IRRef pairs IR with its AST node. IRRI collects all IRRefs for batch transformations.

Each IR has a corresponding AST node. IRRef<T, TNode> holds both:

export class IRRef<T extends IR, TNode extends Node> {
constructor(
readonly ir: T, // Immutable IR
readonly node: TNode, // AST node to transform
) {
inject(IRRI).register(this) // Auto-register
}
}

When you create an IRRef, it auto-registers with IRRI and becomes discoverable.
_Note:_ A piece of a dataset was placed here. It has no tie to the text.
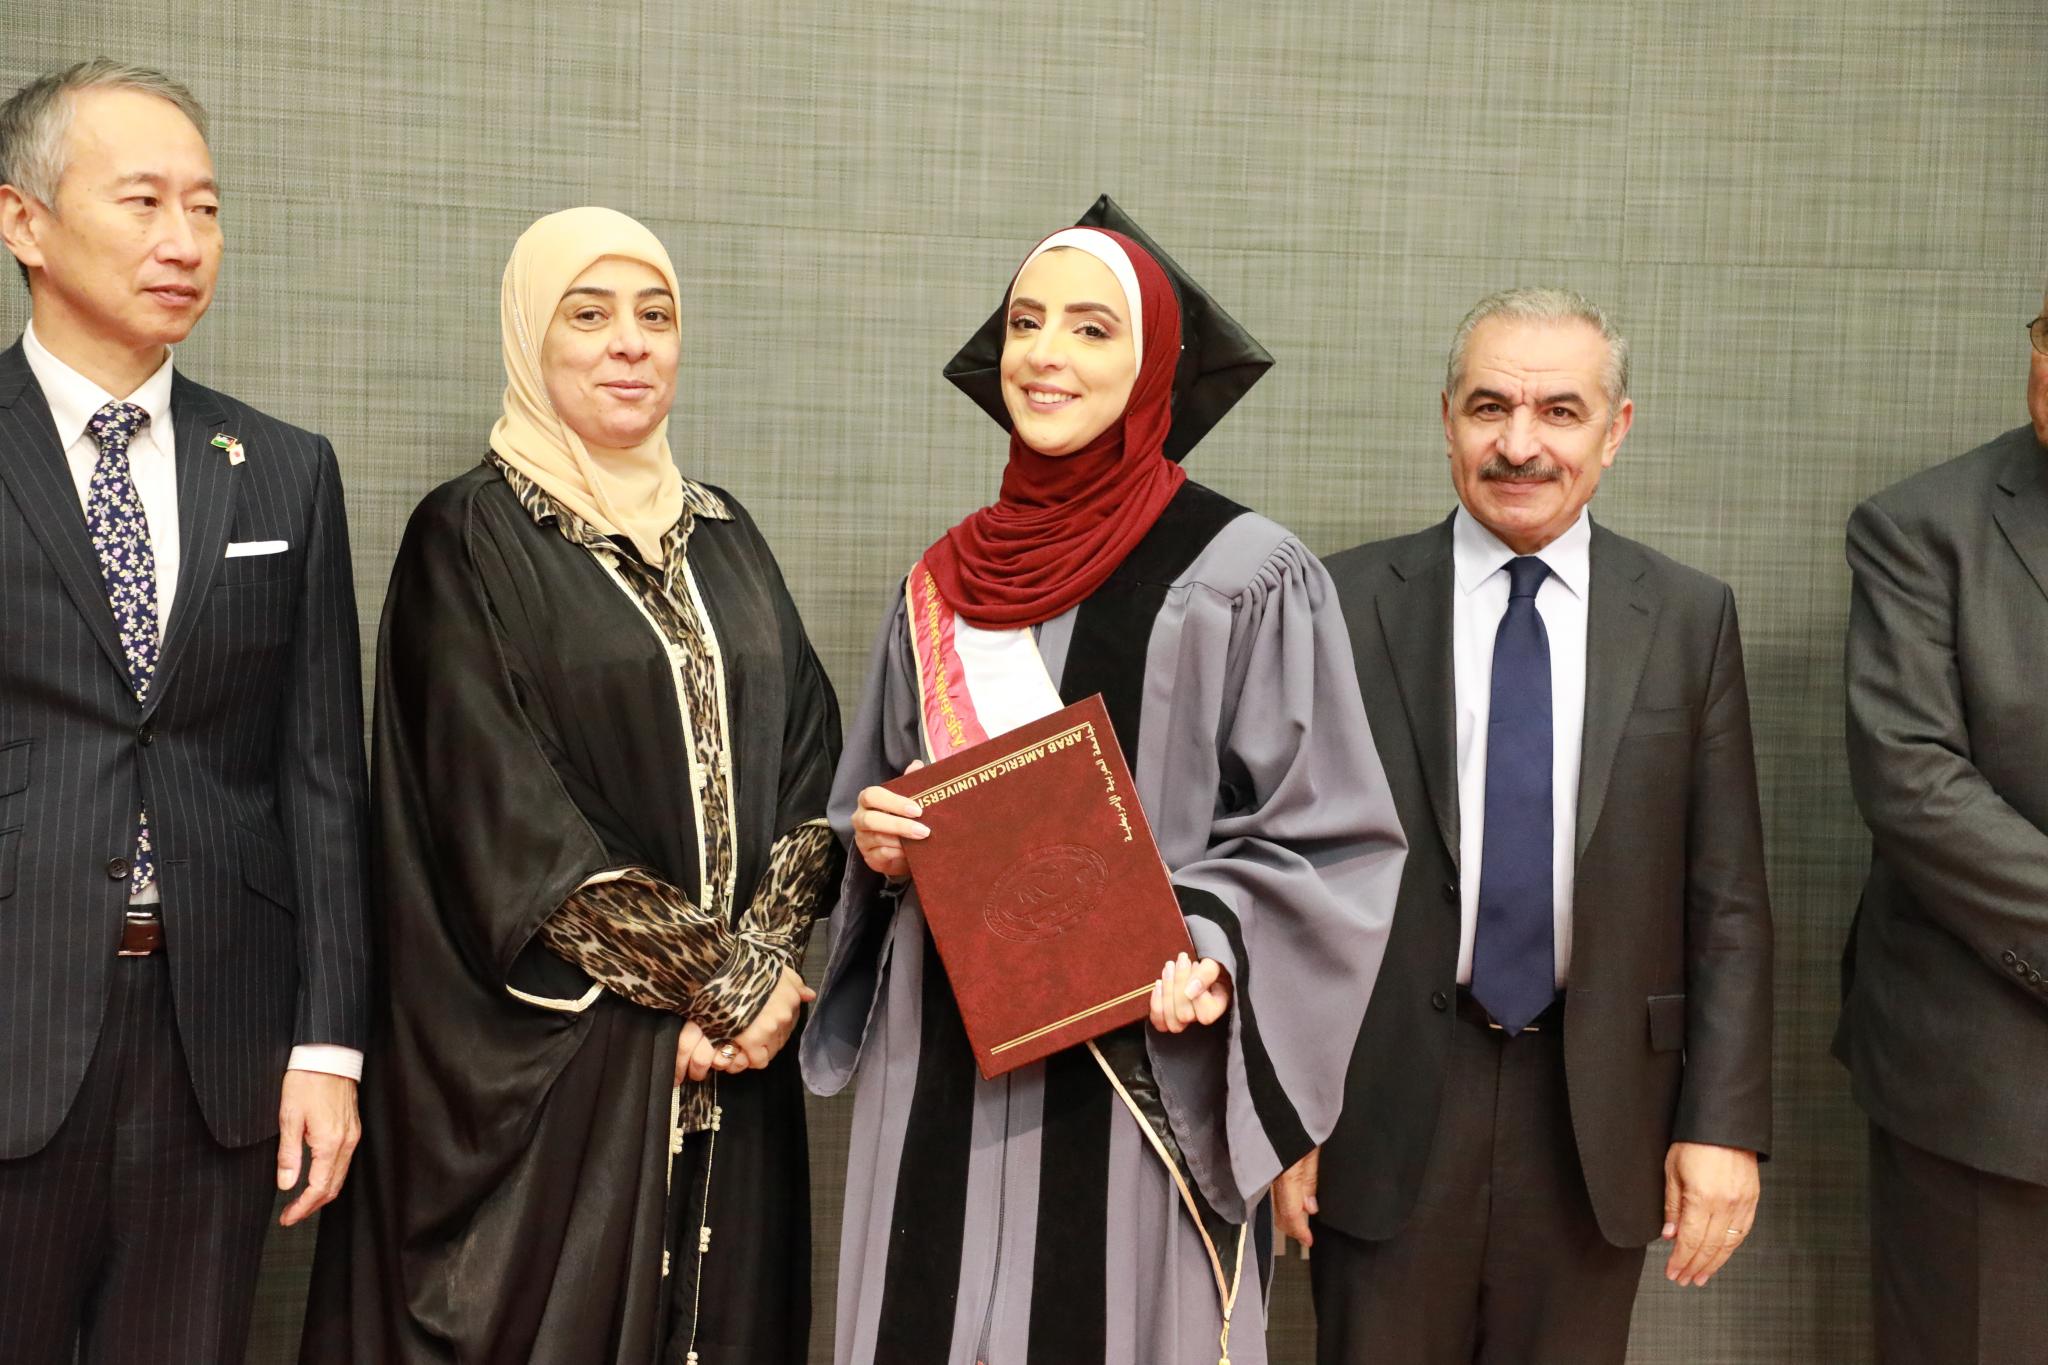 Graduation Ceremony for Master Programs 2018

IRRI collects all IRRef instances during compilation:

export class IRRI {
// Query all IRs of a kind
allByKind<K extends IRKind>(kind: K): IRRef<KnownIRs[K], Node>[]
// Find single IRRef with filter
firstIrr<K extends IRKind>(kind: K, filterFn: (item: KnownIRs[K]) => boolean): IRRef<KnownIRs[K], Node> | undefined
// Get pure IR without AST (for generators)
implode<T extends IR>(irrs: IRRef<T, Node>[]): ImplodeIRRef<T>[]
}

Process all IRs of a kind at once:

const components = irri.allByKind('Component')
for (const ref of components) {
componentTransformer.transform(ref) // Has both IR and AST
}
const myButton = irri.firstIrr('Component', (comp) => comp.tag === 'my-button')
if (myButton) {
updateDecorator(myButton.node, myButton.ir)
}

For generators that don’t need AST:

const components = irri.allByKind('Component')
const pureIR = irri.implode(components) // ComponentIR[]
generateIRJSON(pureIR)

Convenience – IR and AST are together; no separate lookup needed.

Efficiency – Batch by kind enables efficient transformation: process all components once.

Clarity – Fresh IR each compilation; IRRef is purely organizational.